CC BY
50УДК 633.81:58.085
ВЛИЯНИЕ НЕКОТОРЫХ ФАКТОРОВ НА КАЛЛУСОГЕНЕЗ ARTEMISIA DRACUNCULUS В КУЛЬТУРЕ IN VITRO
Инюткина А Г., Егорова Н. А
Институт эфиромасличных и лекарственных растений, Симферополь, artemisiadr@gmail.com
Исследованы некоторые закономерности каллусогенеза Artemisia dracunculus L. in vitro. Подобран состав питательной среды для длительного культивирования каллуса листового и стеблевого происхождения. Показано влияние состава питательной среды, генотипа и типа экспланта на прирост массы каллусной ткани.
Ключевые слова: Artemisia dracunculus, культура in vitro, каллусогенез.
ВВЕДЕНИЕ
В последнее время большую популярность приобретают лекарственные препараты и пищевые добавки, полученные на основе растительного сырья. В развитых странах общее количество лекарственных средств, полученных из натурального сырья, составляет более 50%, а в Японии - до 90%. Однако использование природных ресурсов не безгранично, к тому же большинство лекарственных растений обладает низкой регенерационной способностью. В решении данной проблемы с успехом могут быть применены биотехнологические методы. Ряд клеточных технологий дает возможность расширить генетическое разнообразие и получить в культуре in vitro ценные генотипы, являющиеся ценным исходным материалом для селекции, и таким образом ускорить традиционный селекционный процесс [1]. Наиболее перспективными в этом плане являются такие направления, как получение сомаклональных вариантов, клеточная селекция, мутагенез in vitro [2]. Культура in vitro также может быть использована для производства ценных биологически активных веществ, а иногда и новых соединений, не содержащихся в целом растении, получение которых иными средствами затруднено [3]. Для разработки всех этих технологий одним из важных этапов является подбор оптимальных факторов (генотип, тип экспланта, состав питательной среды, условия культивирования in vitro) для получения и культивирования каллусных тканей, которые бы обеспечивали прирост массы каллуса на достаточно высоком уровне.

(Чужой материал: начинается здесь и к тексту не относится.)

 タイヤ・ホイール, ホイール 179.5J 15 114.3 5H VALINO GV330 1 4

Полынь эстрагон (Artemisia dracunculus L.) является перспективным лекарственным и эфиромасличным растением. В его надземной части содержится эфирное масло, каротин и большое количество витамина С [4]. Кроме фитонцидных свойств, присущих эфирному маслу полыни эстрагон, установлено также его фунгицидное действие [5]. Экстракты, полученные из этого растения, обладают противовоспалительными и ранозаживляющими свойствами [6].

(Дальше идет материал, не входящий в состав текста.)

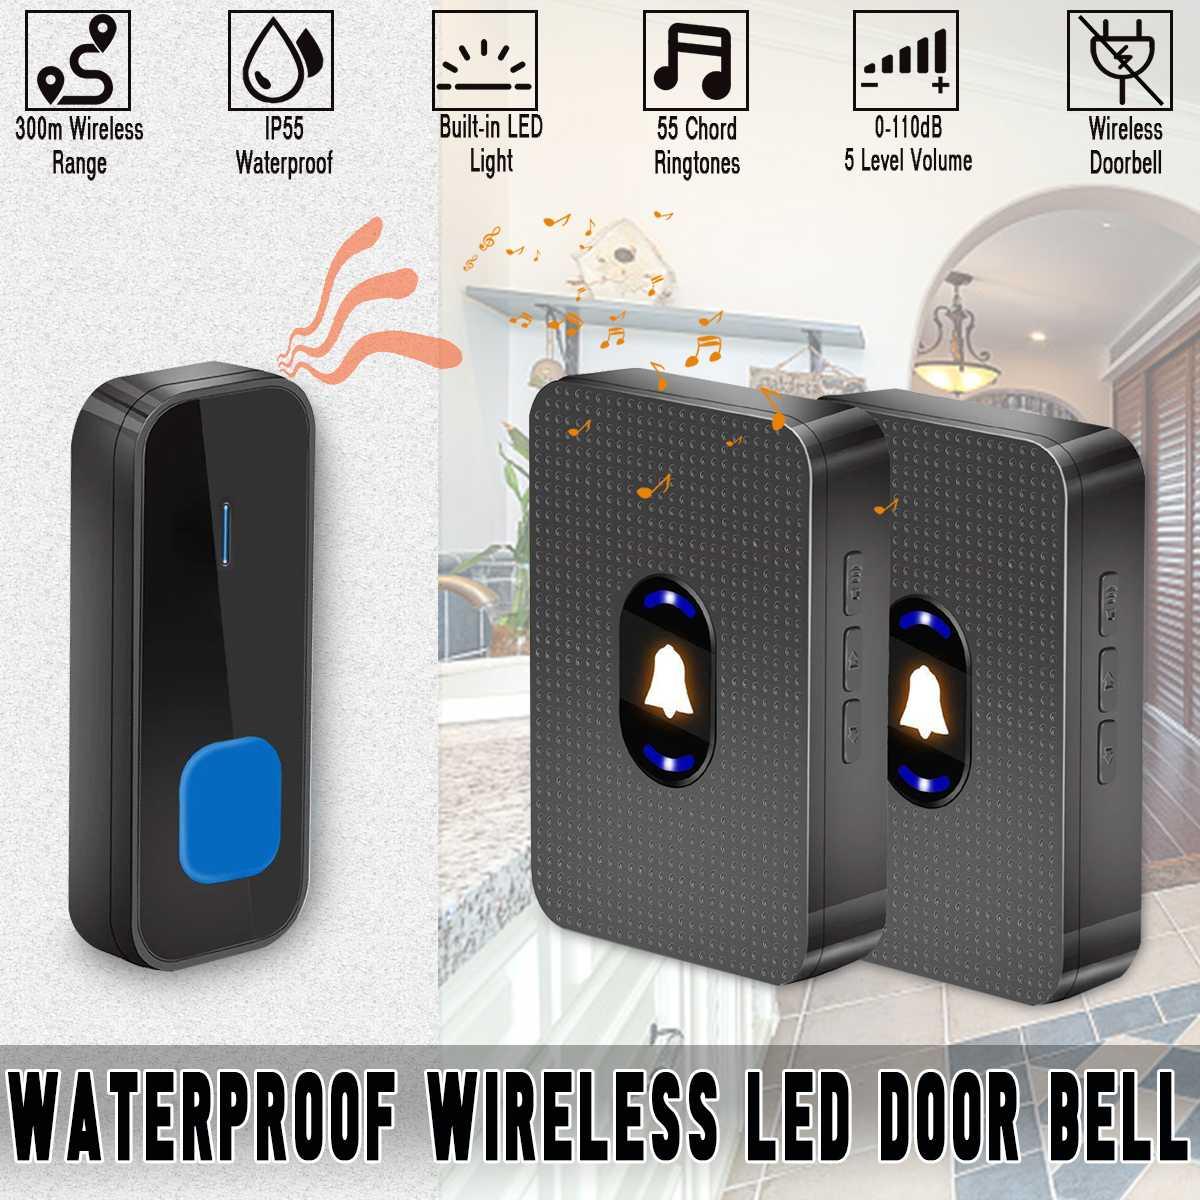 LED sans fil IP55 étanche porte cloche sans fil 1000ft/300 M gamme 55 carillon sonnette UK/EU/US Plug 110-260 V pour Villas hôtels

В литературе имеются сведения, касающиеся изучения процессов каллусогенеза и морфогенеза, а также получения в культуре in vitro веществ
вторичного метаболизма у некоторых представителей рода Artemisia L. [7, 8, 9, 10, 11]. Данных об исследовании процессов каллусогенеза у полыни эстрагон в доступной нам литературе, не найдено. Имеется сообщение о синтезе эфирного масла в каллусных тканях A. dracunculus, накопление которого зависело от генотипа и уровня клеточной и тканевой дифференцировки [12]. Целью нашей работы было исследование влияния состава питательной среды, генотипа и типа экспланта на прирост биомассы каллусной ткани полыни эстрагон.
МАТЕРИАЛ И МЕТОДЫ
Объектом исследований служили селекционные образцы полыни эстрагон (Artemisia dracunculus L.) из коллекции Института эфиромасличных и лекарственных растений - №5р.24, №7р.1, №6р.17, №3р.3, которые различались по морфологии и составу эфирного масла [13]. Для получения первичного каллуса в качестве эксплантов использовали фрагменты стебля и высечки листа. Экспланты стерилизовали 30 секунд 70% этанолом, а затем 12 минут 50% раствором препарата «Брадофен» с последующей трехразовой промывкой в автоклавированной дистиллированной воде. Пассирование каллусных тканей проводили каждые 40-45 суток. Масса транспланта составляла 90-100 мг. Каллусные ткани культивировали на различных модификациях питательной среды Мурасиге и Скуга (МС), дополненной фитогормонами (2,4-Д, ИУК, НУК, ИМК, БАП) в различных комбинациях и концентрациях. При введении в культуру, приготовлении питательных сред, пассировании применяли традиционные для работ по культуре тканей методики [14].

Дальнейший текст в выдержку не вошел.